Please return the full listing word for word, leaving out any pictures.

*Information supplied*
((
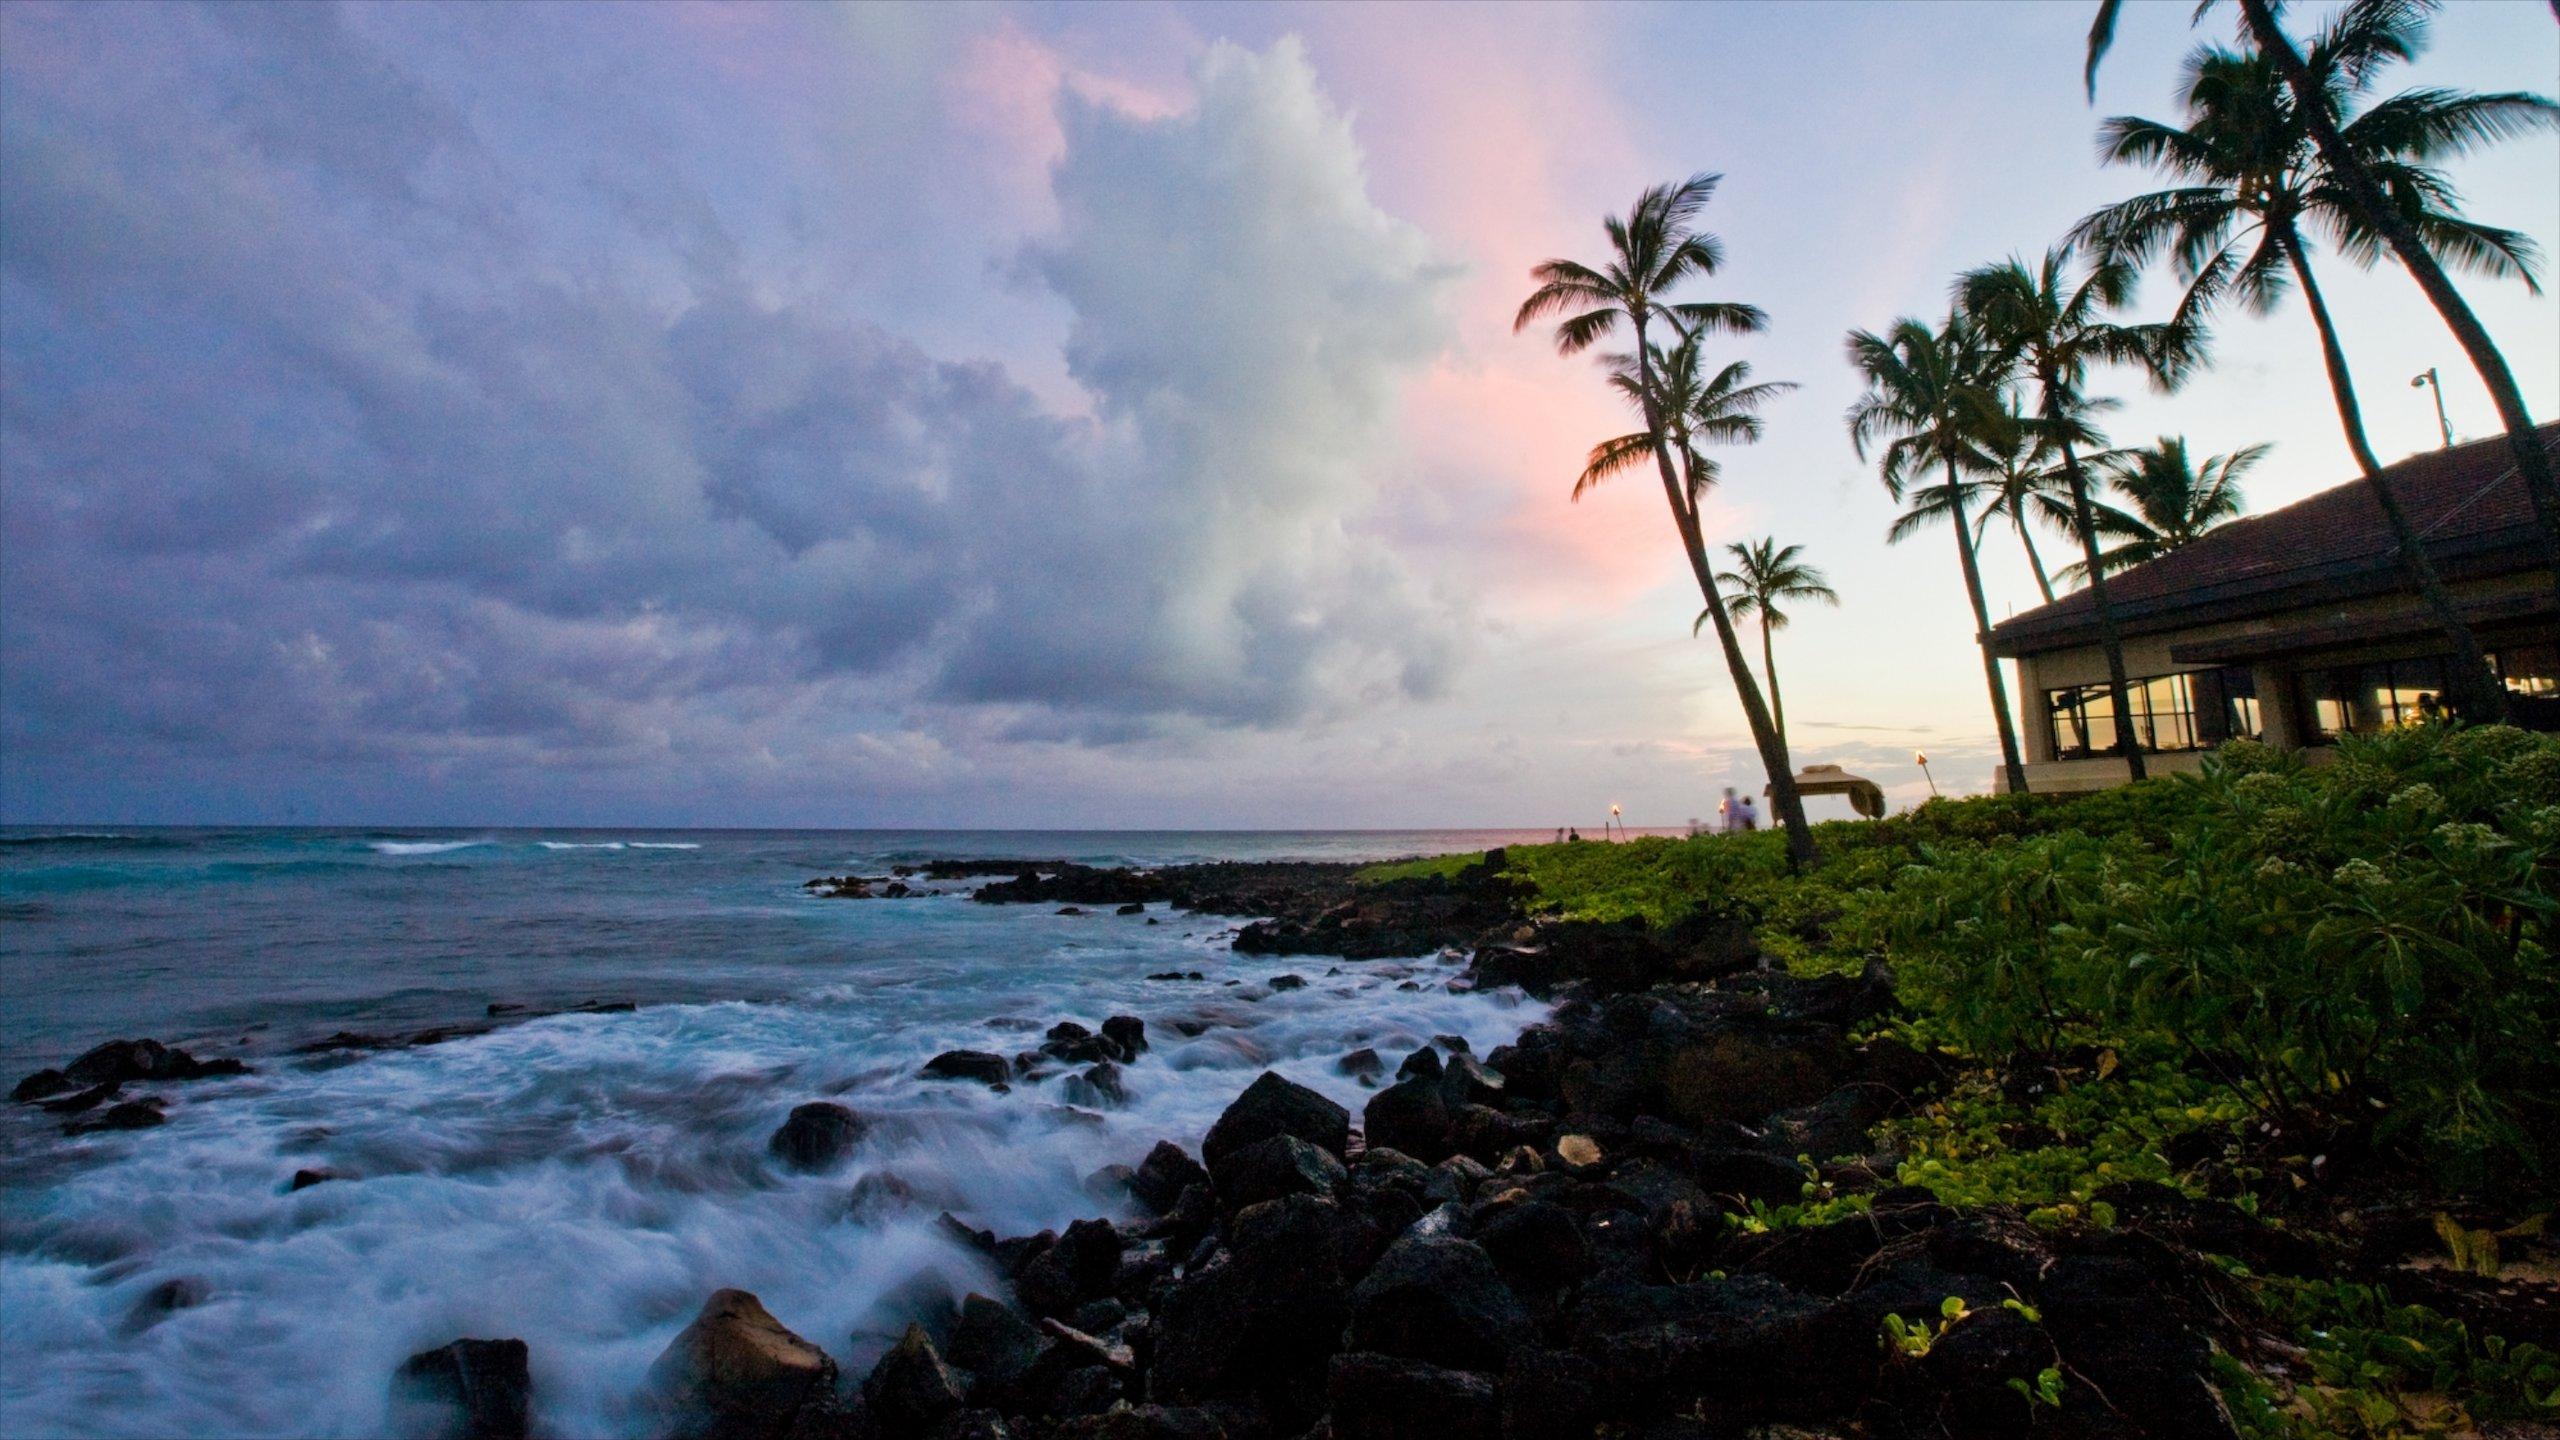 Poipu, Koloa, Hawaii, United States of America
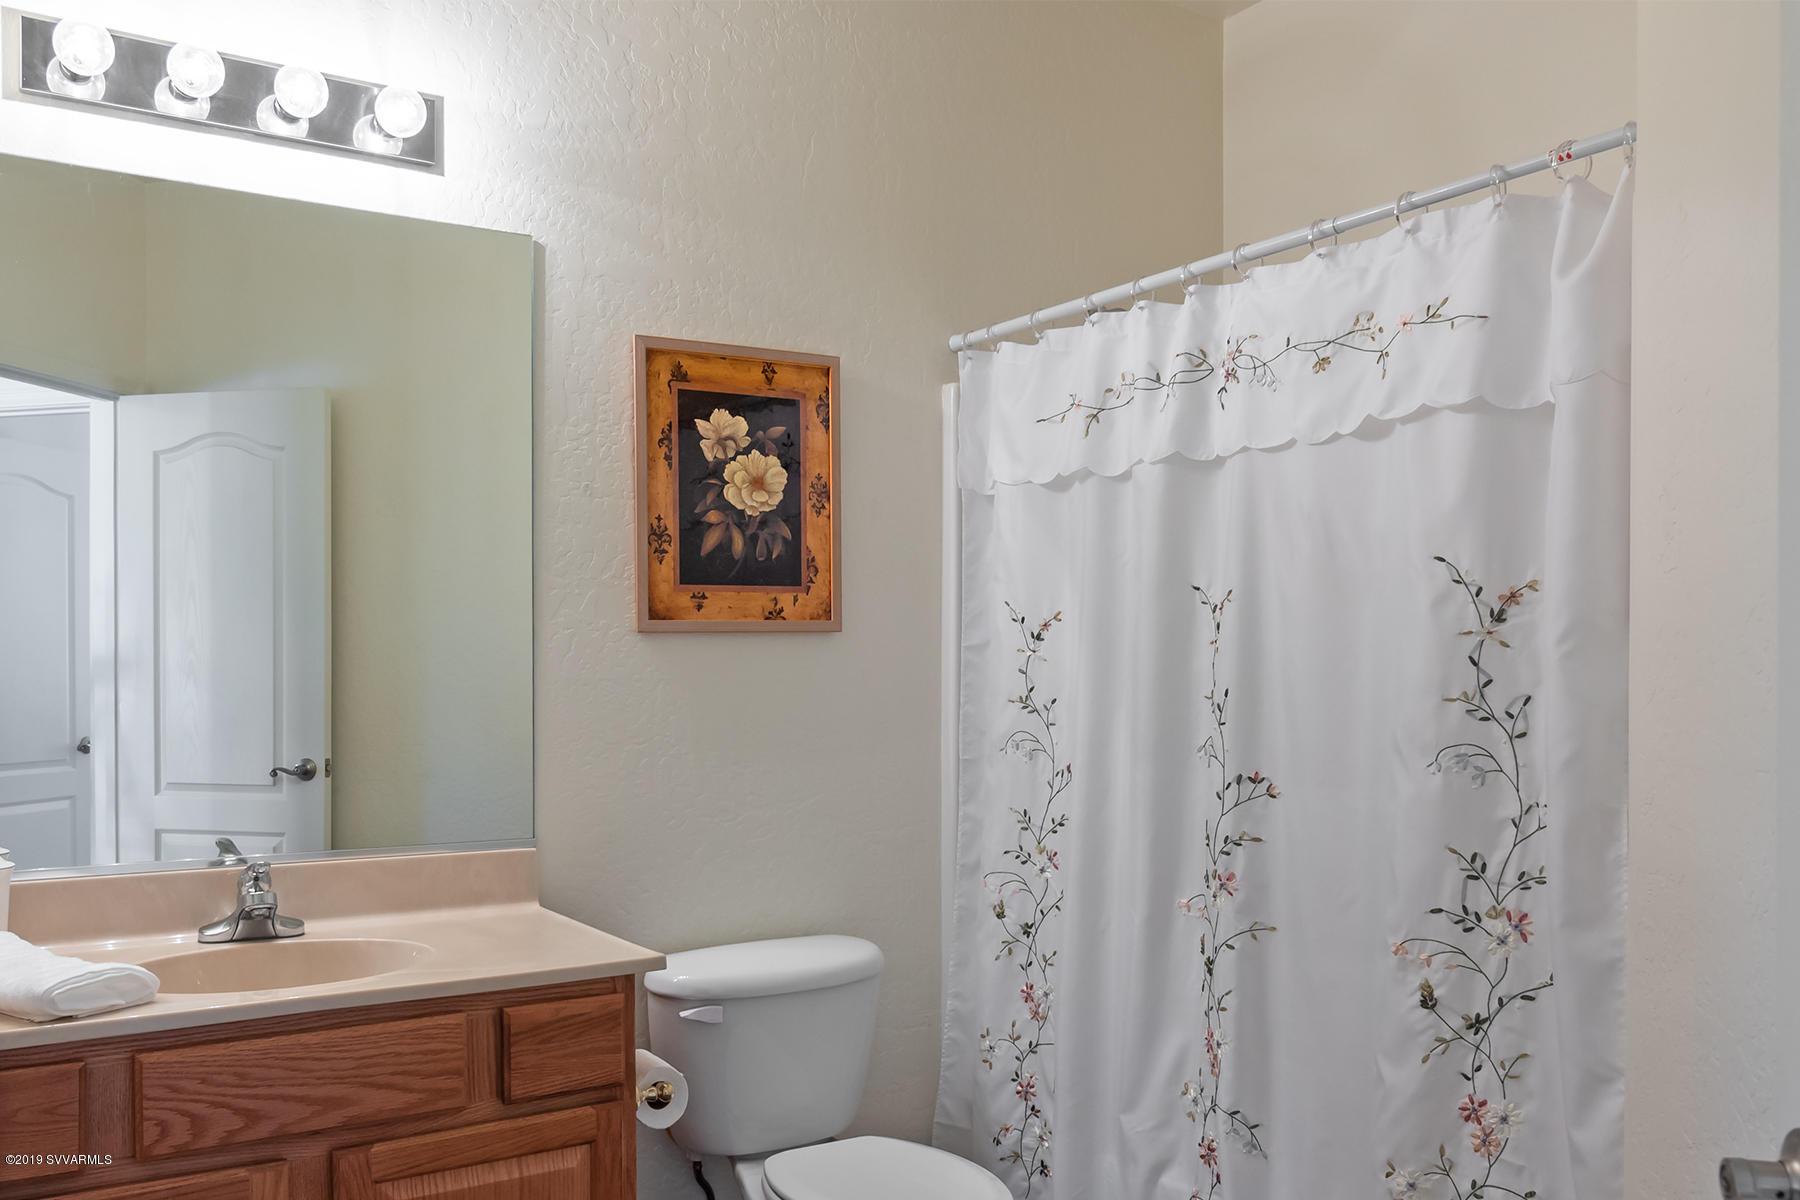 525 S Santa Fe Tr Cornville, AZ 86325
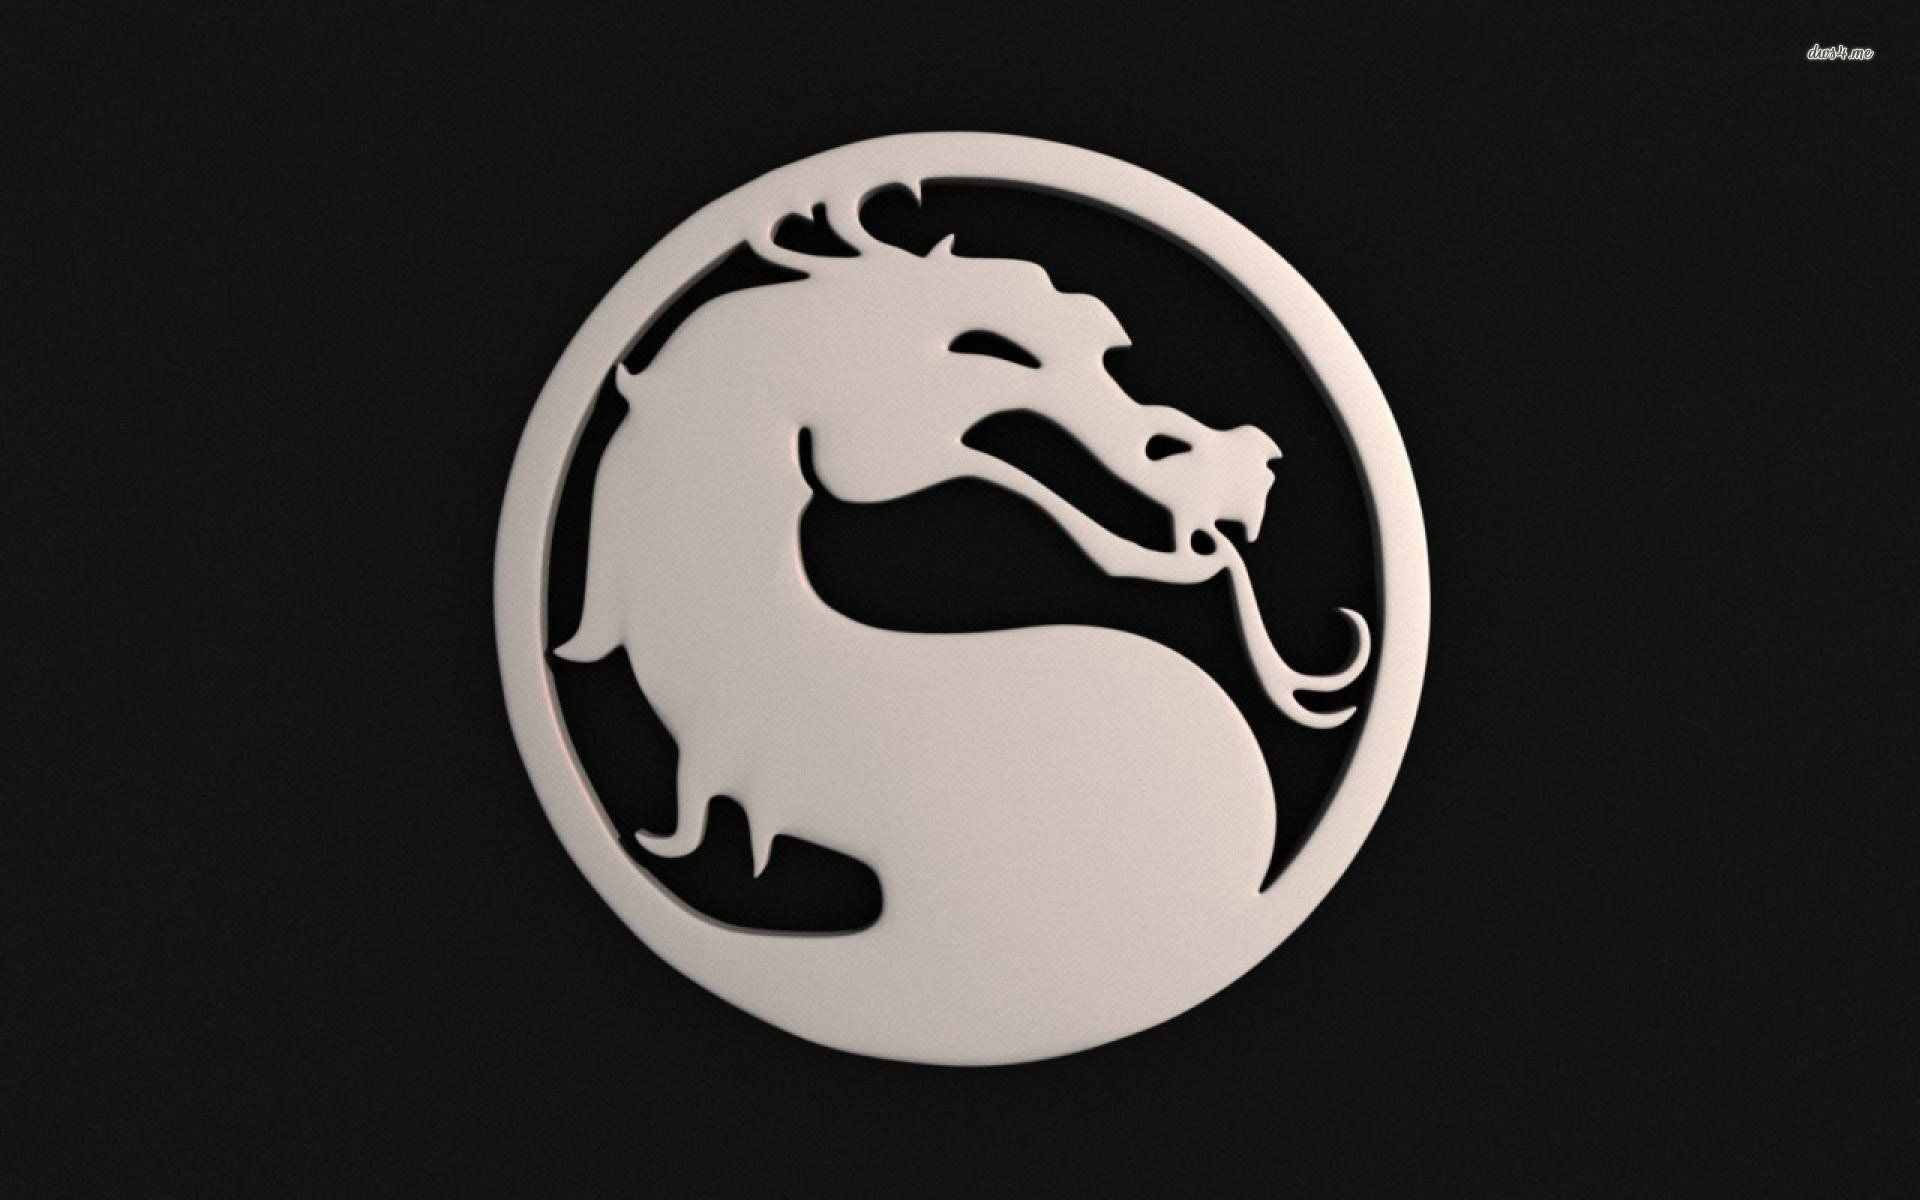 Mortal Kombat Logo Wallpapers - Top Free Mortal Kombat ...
))
*Written response*
 Poipu, Koloa, Hawaii, United States of America
 525 S Santa Fe Tr Cornville, AZ 86325
 Mortal Kombat Logo Wallpapers - Top Free Mortal Kombat ...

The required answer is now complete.